Бледно-серебряный Рал и золотой Гитей не спеша плыли между звезд. Уже самые слабые звезды начали гаснуть, на восточном горизонте появилось пока слабое свечение, а соляная корка пустыни попрежнему простиралась во всех направлениях, и конца ей не было видно. Павек разрешил себе сделать два маленьких глотка из кувшина, а потом обмотал голову рубашкой.
Сейчас он хотел только одного: остаться в Урике, гнев Короля Хаману вряд ли был бы хуже того, что ему предстоит пережить в ближайшие несколько часов. Он молился, чтобы его сознание умерло раньше, чем его тело. Потом все мысли исчезли и он стал ждать смерти.

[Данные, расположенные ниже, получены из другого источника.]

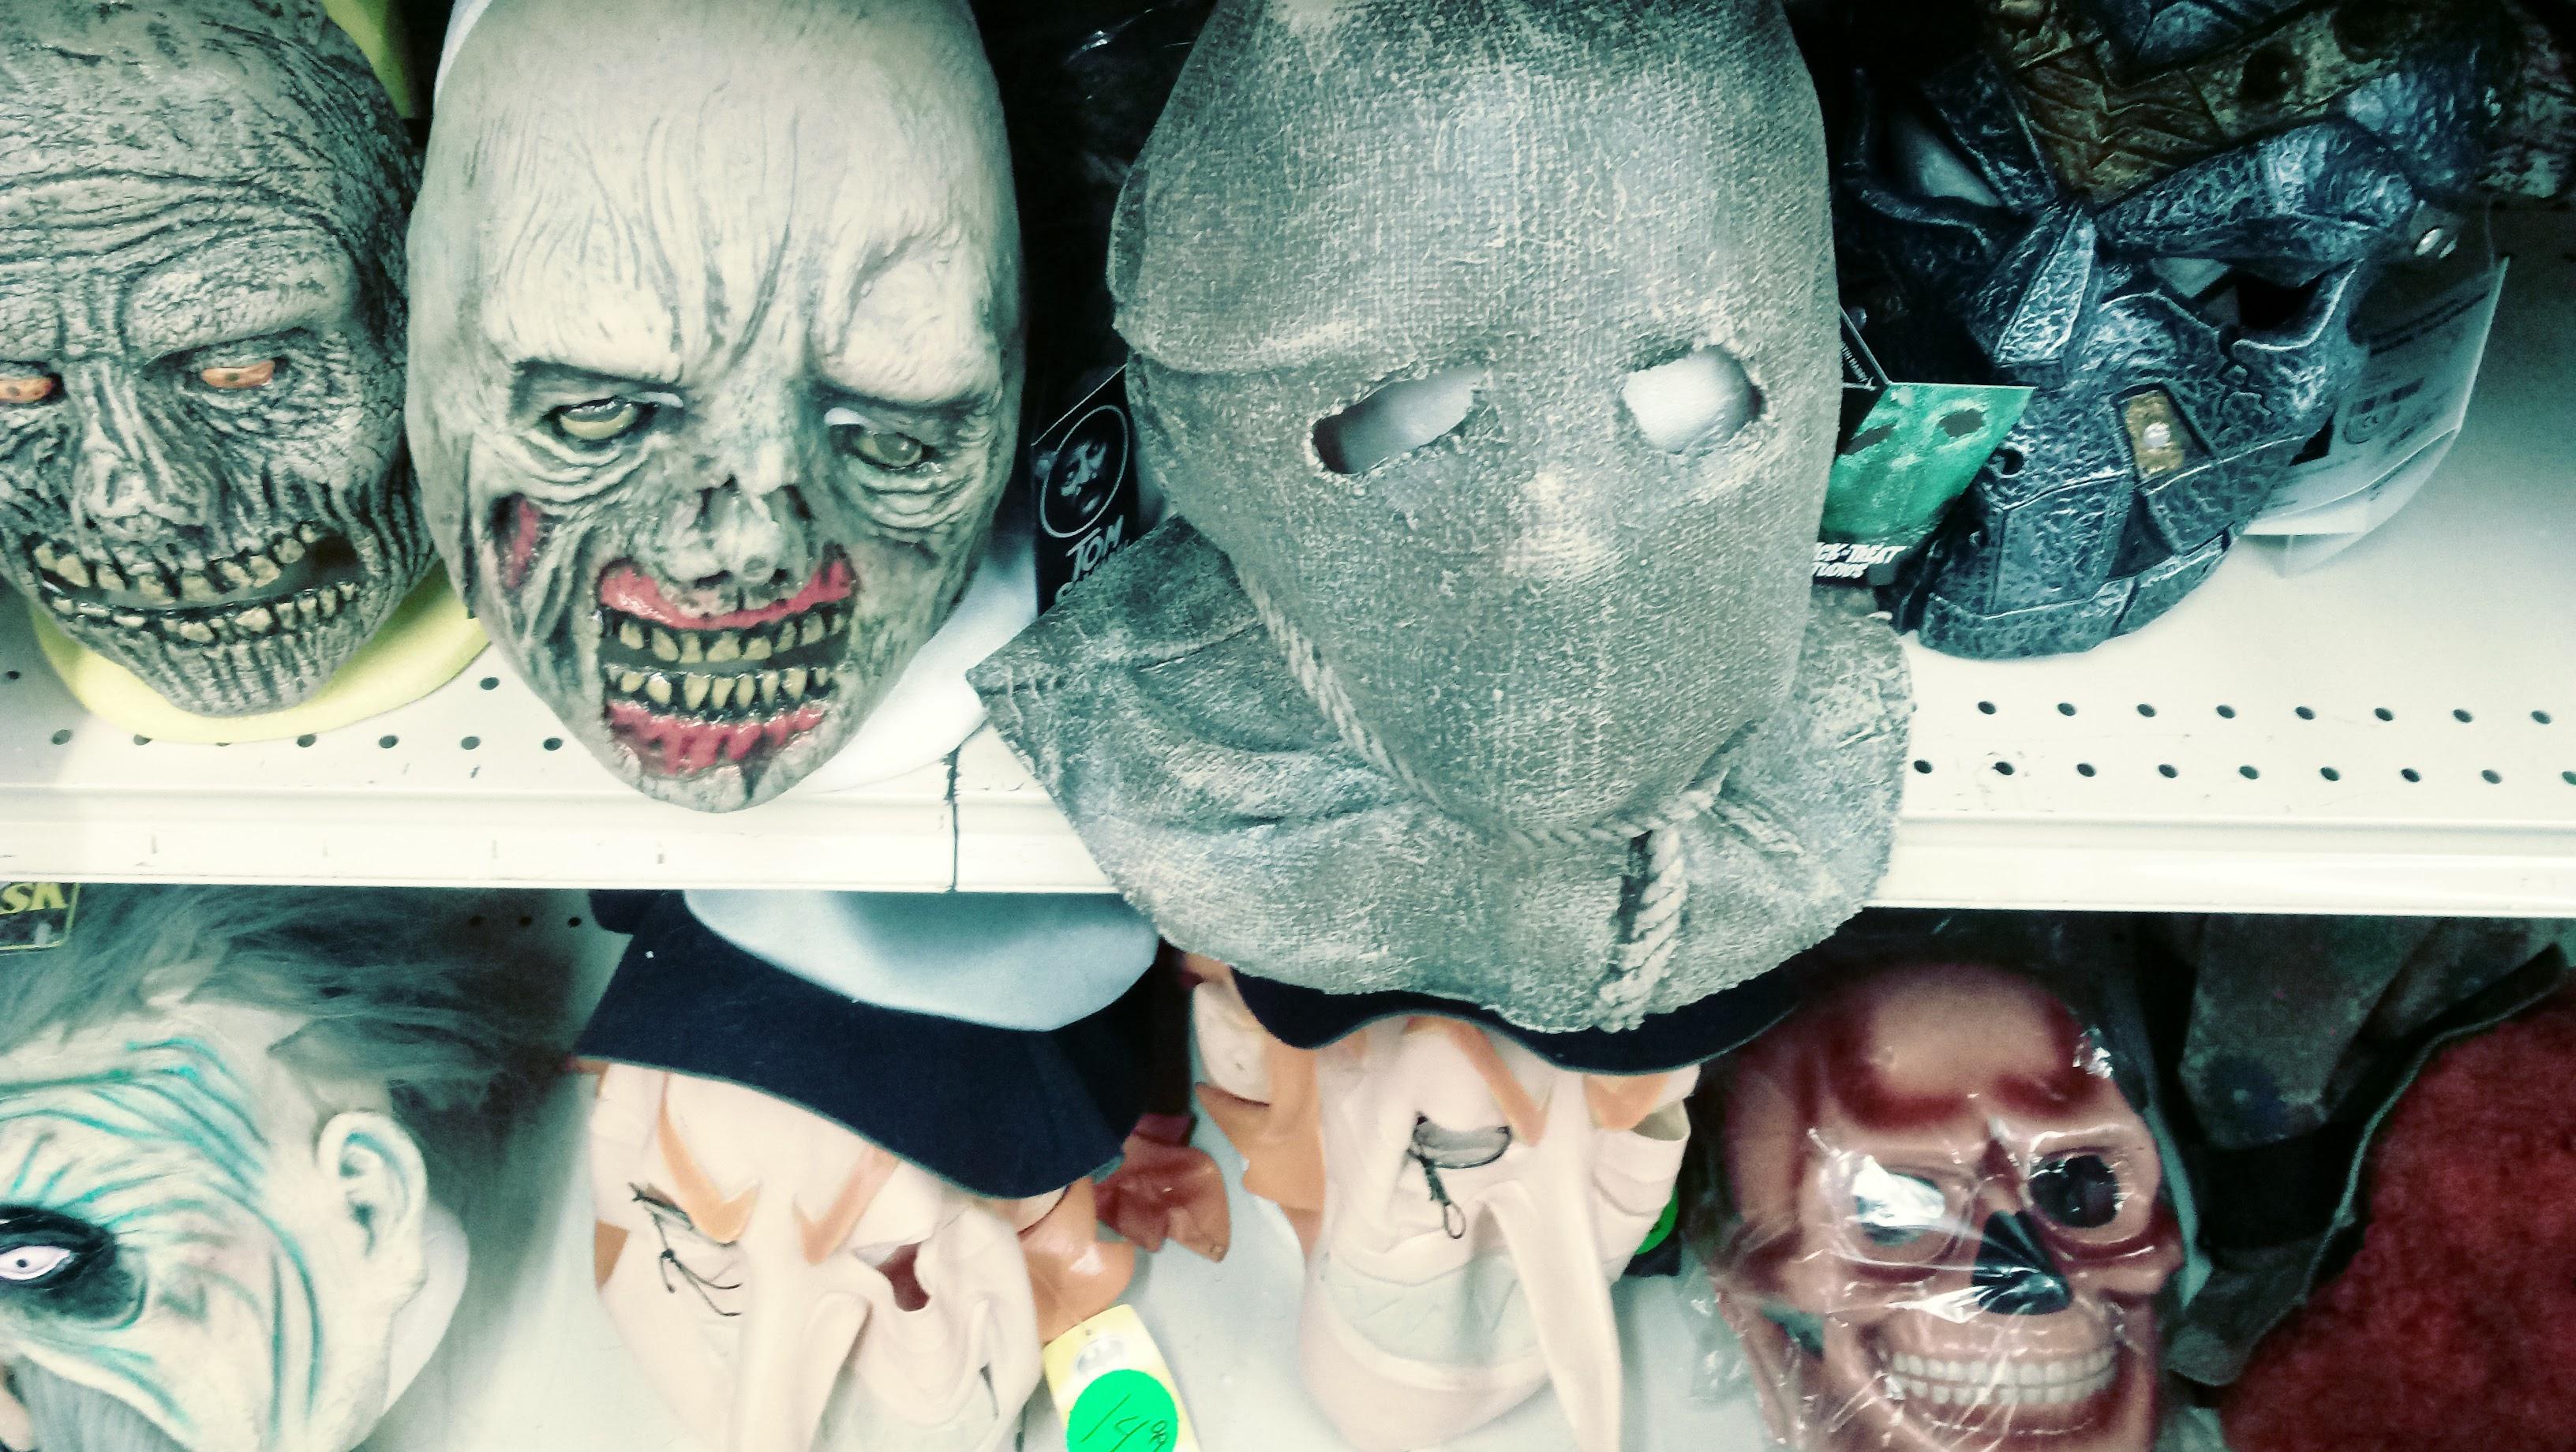 nick nackery evil knight leprechaun scarecrow and zombie masks

— Как всегда и навсегда — пускай это зрелище заставит петь твое сердце в твоей груди.
Голос Йохана вырвал его из пустоты. Жара исчезла вместе со скрипом соли под когтями канка. Неужели его последнее желание исполнилось? Его сожженный солнцем рассудок ускользнул из головы через трещины в Кулаке Солнца? Но, несомненно, ветеран-дварф никогда не составит ему компанию на лишенных следов путях другой жизни.
Спустив рубашку на плечи, он сбросил волосы с глаз, моргнул, потом моргнул опять. И обычная пустыня с ее пыльной травой и гладкими, покрытыми толстыми листьями кустами никогда не выглядела трепетной и полной жизни, но здесь бледные кусты росли в окружении густой зеленой травы, и все это богатство находилось прямо перед ними и по площади, как ему показалось, было не меньше самого Урика, а на небе были облака. Не те ужасные и зловещие посланцы Тирского шторма, а округлые холмы, белые как та соль, которая осталась за ними. Или перед ними?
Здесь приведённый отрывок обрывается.